There are people who say that we have bullies and we have victims. The implication of this attitude is that a bully is someone cruel and a victim is someone to be pitied.
While this attitude is accurate to a degree, there is point where the distinction ends. Yes, when a bully aggresses against someone, they are acting with malice for the intent of victimizing another person [note: sweeping generalization]. And an innocent person who has been victimized can feel wounded.
Certainly the coercion of another person, against their will, is NOT acceptable! And we recognize bully behavior in a wide variety of crimes against humanity (theft, assault, rape, etc…) When we are the “victims” of such abuse, we often feel frustrated by the lack of justice, redress and retribution.
But we are not a “VICTIM” until we succumb to the depression that threatens when the abuses done to us have not been punished, and accept their worldview as our own. When we respond to abusive behavior by giving up and accepting the standard of the abuser, we lose our innocence. And we become passive-bullies… better known as “a victim”.
I would like to posit a different paradigm. I maintain that the “bully” and the “victim” are two faces of the same coin… abuser. I say that an abuser is someone who forces another person to give them what they (the abuser) want, against another person’s will.
So far, so good, right? We think of the schoolyard bullies who took our ball away and who pushed into the dirt, taunting us to do something about it. They were generally people who got their growth early, and for whatever reason, they saw an opportunity to feel like a “big dog” by forcing other people to act against their own will and best interests.
It doesn’t matter what they lived with while growing up. Common sense, the world structure, and God all tell us that this kind of behavior is not what we were created to do.
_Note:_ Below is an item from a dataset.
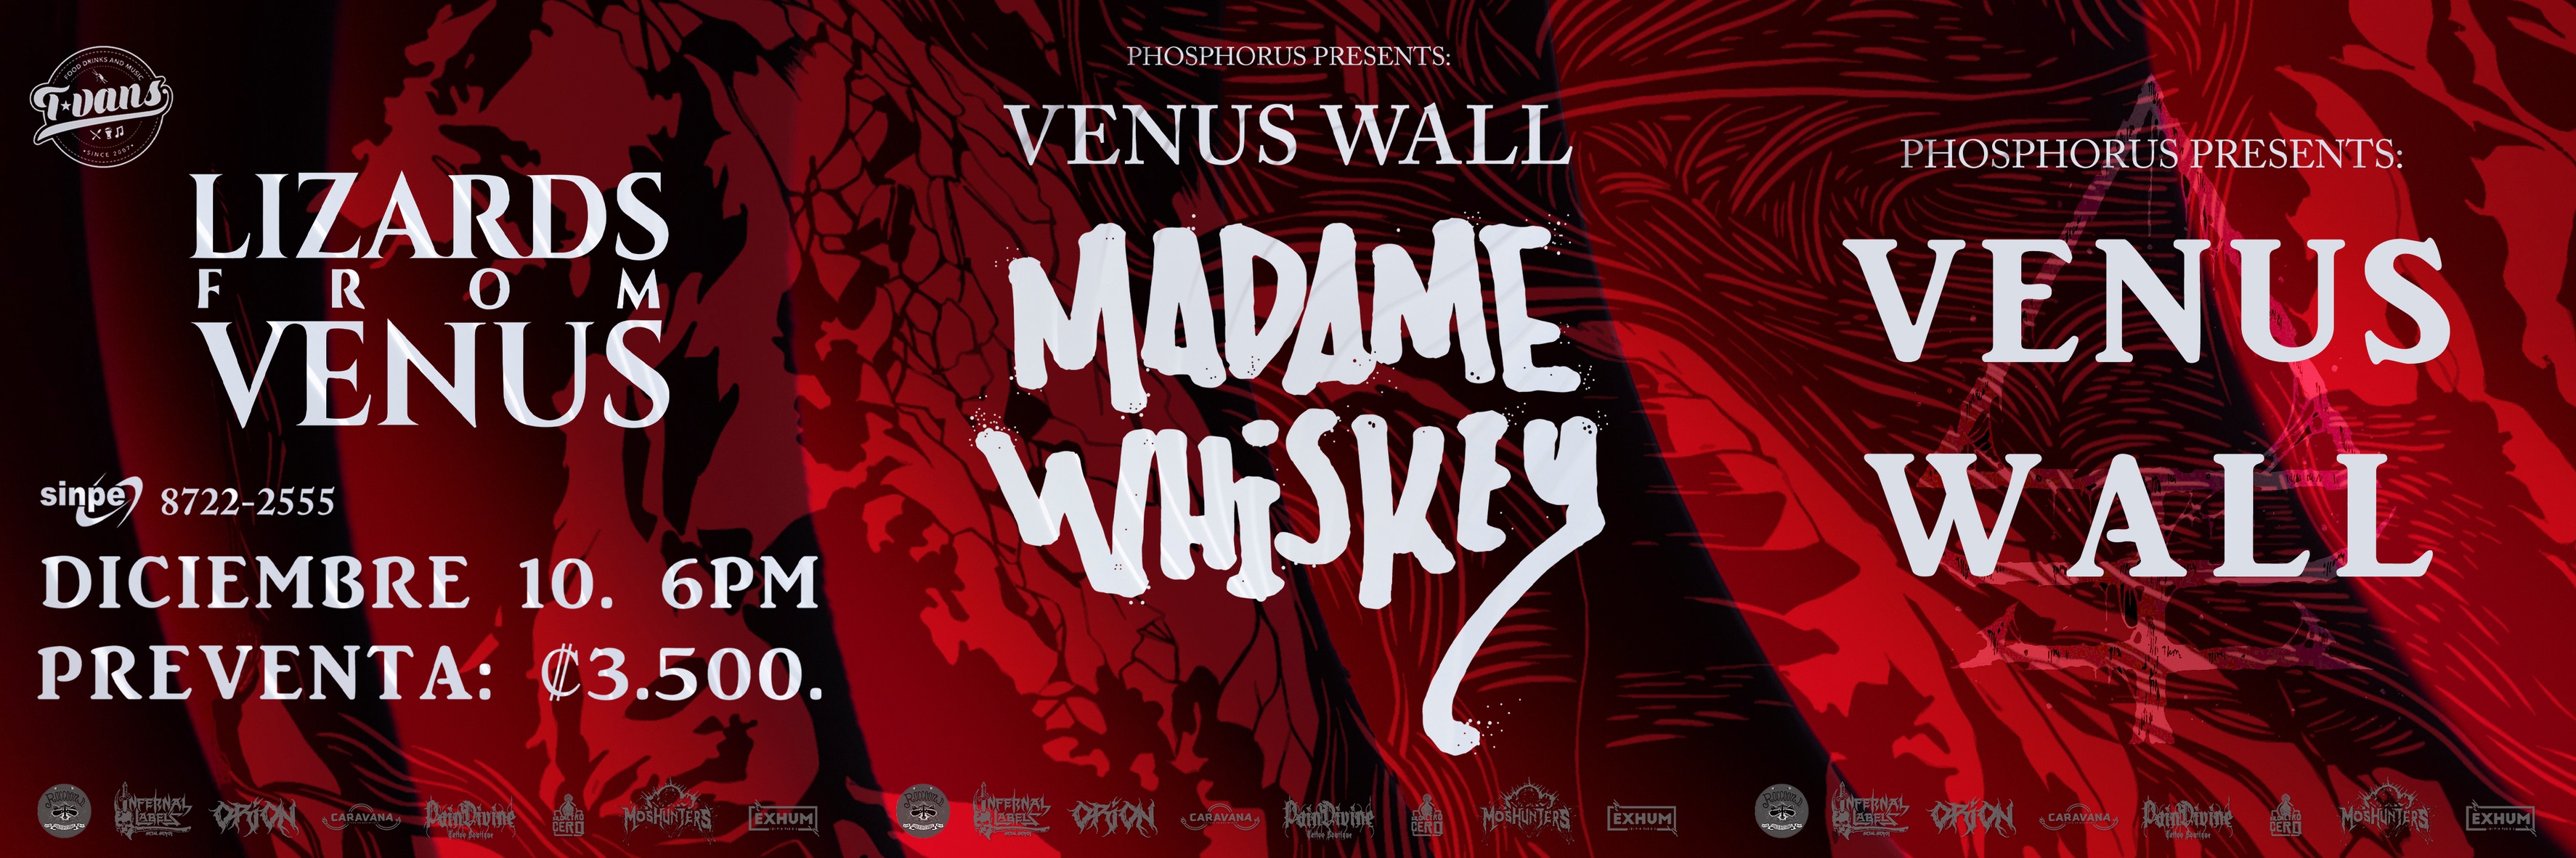 Venus Wall : Madame Whiskey + Lizards from Venus / T-Vans

Moving on…
As we grow up, experiencing the good and the bad that life allows, we make choices. We choose to “get over it” when someone is cruel, or we choose to “get even”. [Please note that I DO understand the damage that child abuse does to a growing psyche. But even as children we understand right from wrong and we begin, very young, to make the choices that drive our further emotional development.]
Certainly we have heard of the term passive-aggressive, so we are beginning to recognize the negative traits that can exist in the “quiet” person. Most of us have suffered through the abuse of the person who said “yes” when they never once intended to actually DO what they had agreed to do. The passive/aggressive personality doesn’t fight… they just hold back, refusing to engage and refusing to bring clarity to those natural misunderstandings that happen in relationships. [NOTE: this is NOT to say that all quiet people are passive/aggressive!]
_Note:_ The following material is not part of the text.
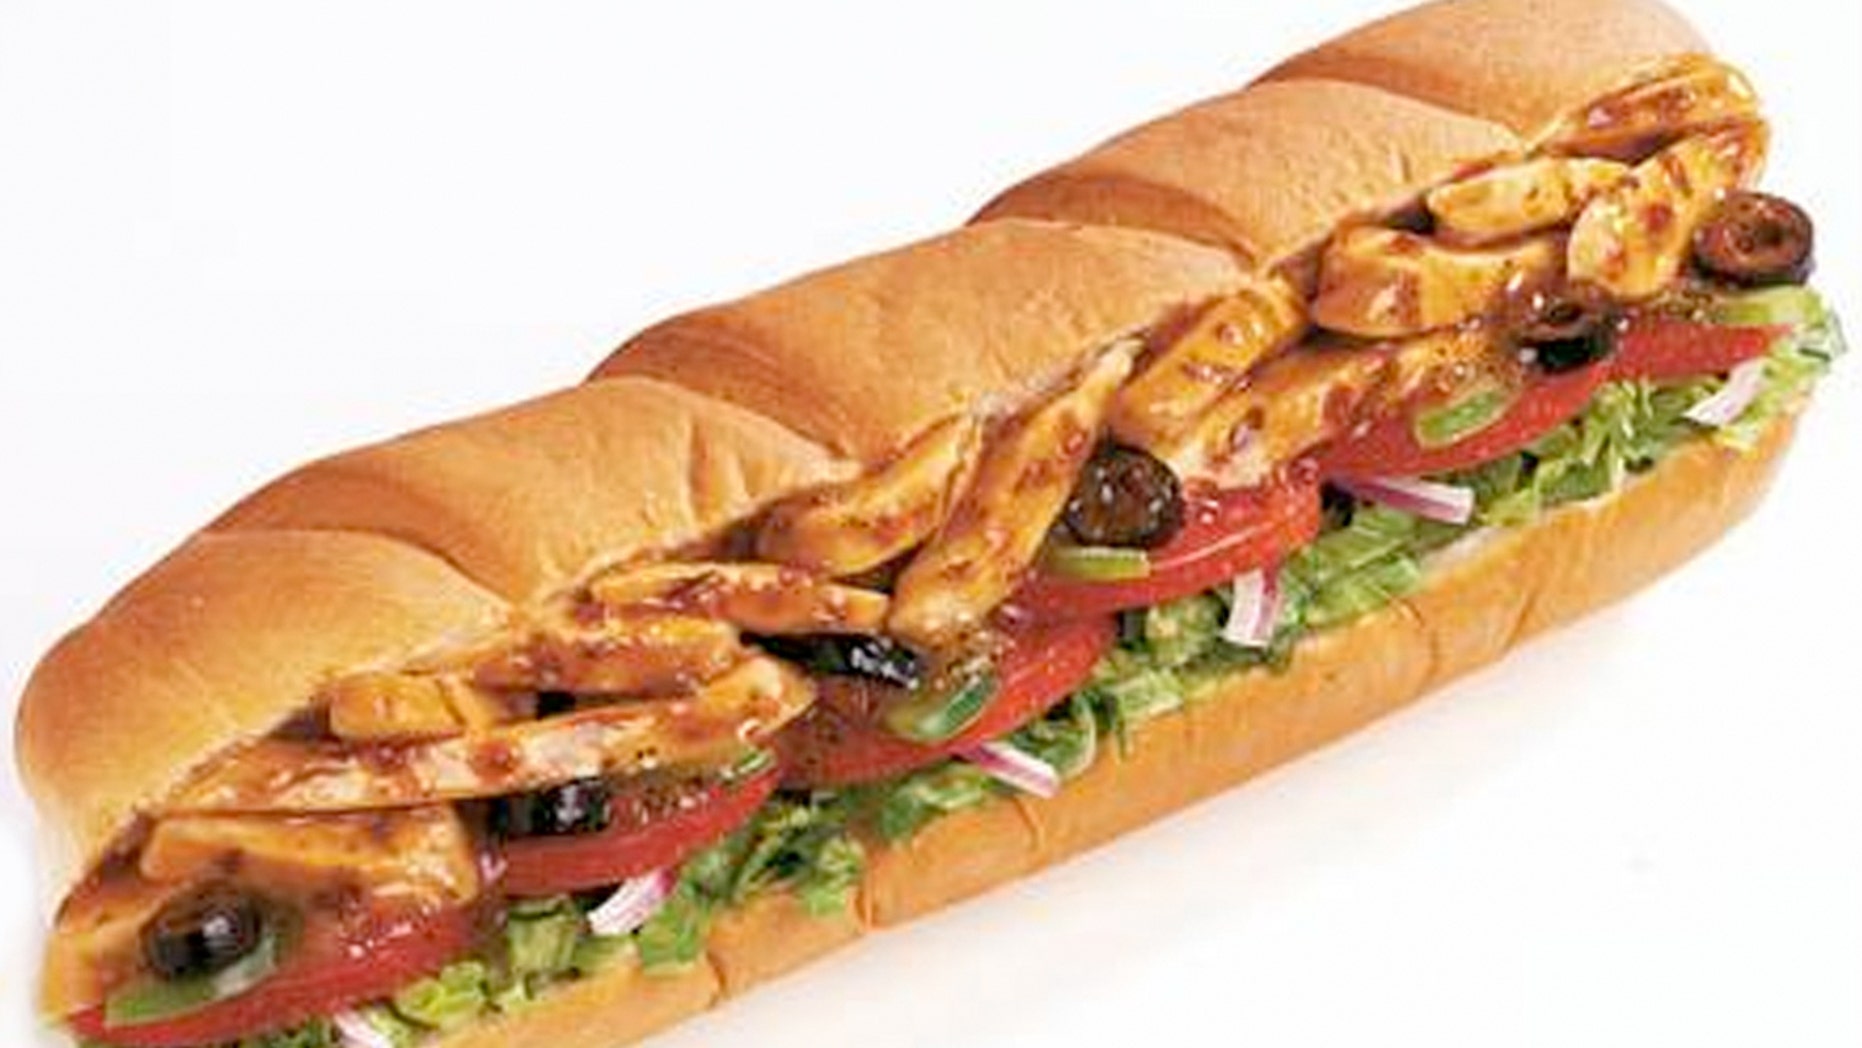 subway-will-now-measure-sandwich-bread-following-footlong-lawsuit

Rather than use the terms “bully” and “victim”, I want to propose these categorizations:
passive-bully and aggressive-bully.
I maintain that a “victim” who refuses to get past the abuse is a passive-bully. They are the people who finagle and wheedle and plead and look at us with those “doe eyes” and manage to get whatever they want, against the wishes of the other person.
The passive-bully feels that life “owes” them something and they are going to get all that they can, whenever they can. They manage to make us feel petty and selfish when we have to say “no” to their “demands”.
The passive-bully is quietly angry and bitter. No matter what we give them, they are never satisfied, they are never filled. And because the paucity of their lives and souls is so often between them and the rage they have against God because He didn’t keep them from being abused, WE can never hope to “fix” it.
Of course the answer is forgiveness… first of God and then forgiveness of everyone else they feel has wronged them in their life. But this solution is hard-won.
I know this to be true because I know how hard it was for me. While I was never a passive-bully, I did live with bitterness for many years, from early childhood until my early 30s. God did do a miracle when He delivered me from that dark, airless prison of burning bitterness.
There is truly very little that we can do to help the passive-bully. What we can do is to set reasonable boundaries in our own lives. When the passive-bully in our family or close friend group tries to push past those boundaries, we must remain steadfast.
We don’t have to be strident about it. We only have to say “no” and not explain. We say “no” and mean it. We say it kindly, but firmly. We cannot be swayed by sighs or cries or expressions of impending doom and how WE are going to be the cause of their ruin.
Now, obviously situations are going to vary from one relationship to another and even with the same person there may be times when it would be prudent to accede from time to time. But whatever decision WE make needs to be a decision made in the light of reason and balance and hopefully because we believe it is what God would have us to do.